The student states a conclusion that has some validity. No comparison is made with the literature value. There is no evaluation of the procedure and results. The level of achievement for aspect 1 of conclusion and evaluation is partial/1. The level of achievement for aspect 2 is not at all/0.

Figure 6: CE aspects 1, 2 and 3 = “complete”

Figure 6

Melting point = freezing point = 55.0 ± 0.5 °C

Conclusion and evaluation: Literature value of melting point of para-dichlorobenzene = 53.1° C (Handbook of Chemistry and Physics).

The fact that % difference > % uncertainty means random errors alone cannot explain the difference and some systematic error(s) must be present.

Melting point (or freezing point) is the temperature at which the solid and the liquid are in equilibrium with each other: (s) ⇌ (l). This is the temperature at which there is no change in kinetic energy (no change in temperature), but a change in potential energy.
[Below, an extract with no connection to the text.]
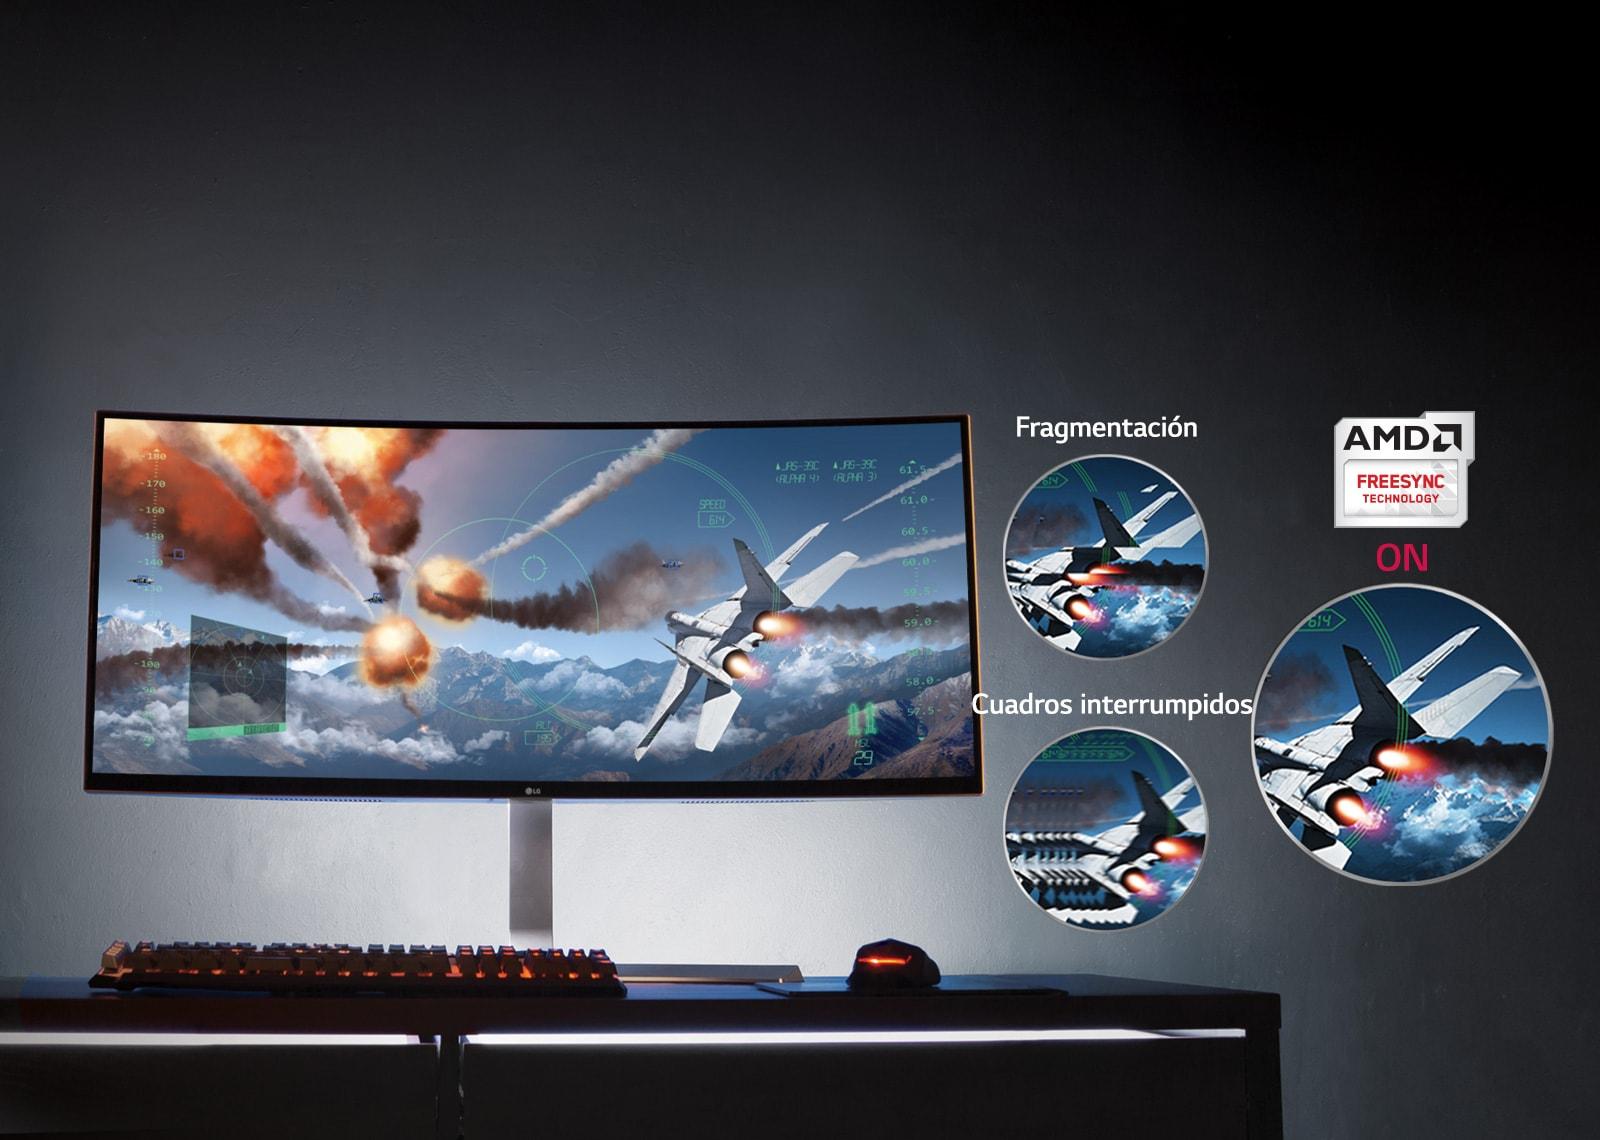 Tecnología AMD FreeSync™

The value suggests a small degree of systematic error in comparison with the literature value as random errors alone are unable to explain the percentage difference.

Evaluation of procedure and modifications:

1.Duplicate readings were not taken. Other groups of students had % uncertainty > % difference, that is, in their case random errors could explain the % difference, so repeating the investigation is important.

2.How accurate was the thermometer? It should have been calibrated. In order to eliminate any systematic errors due to the use of a particular thermometer, calibration against the boiling point of water (at 1 atmosphere) or better still against a solid of known melting point (close to the melting point of the sample) should be done.

3.The sample in the test tube was not as large as in other groups. Thus the temperature rises/falls were much faster than for other groups. A greater quantity of solid, plus use of a more accurate thermometer (not 0.5°C divisions, but the longer one used by some groups) would have provided more accurate results.

The level of achievement for aspects 1, 2 and 3 of conclusion and evaluation is complete/2.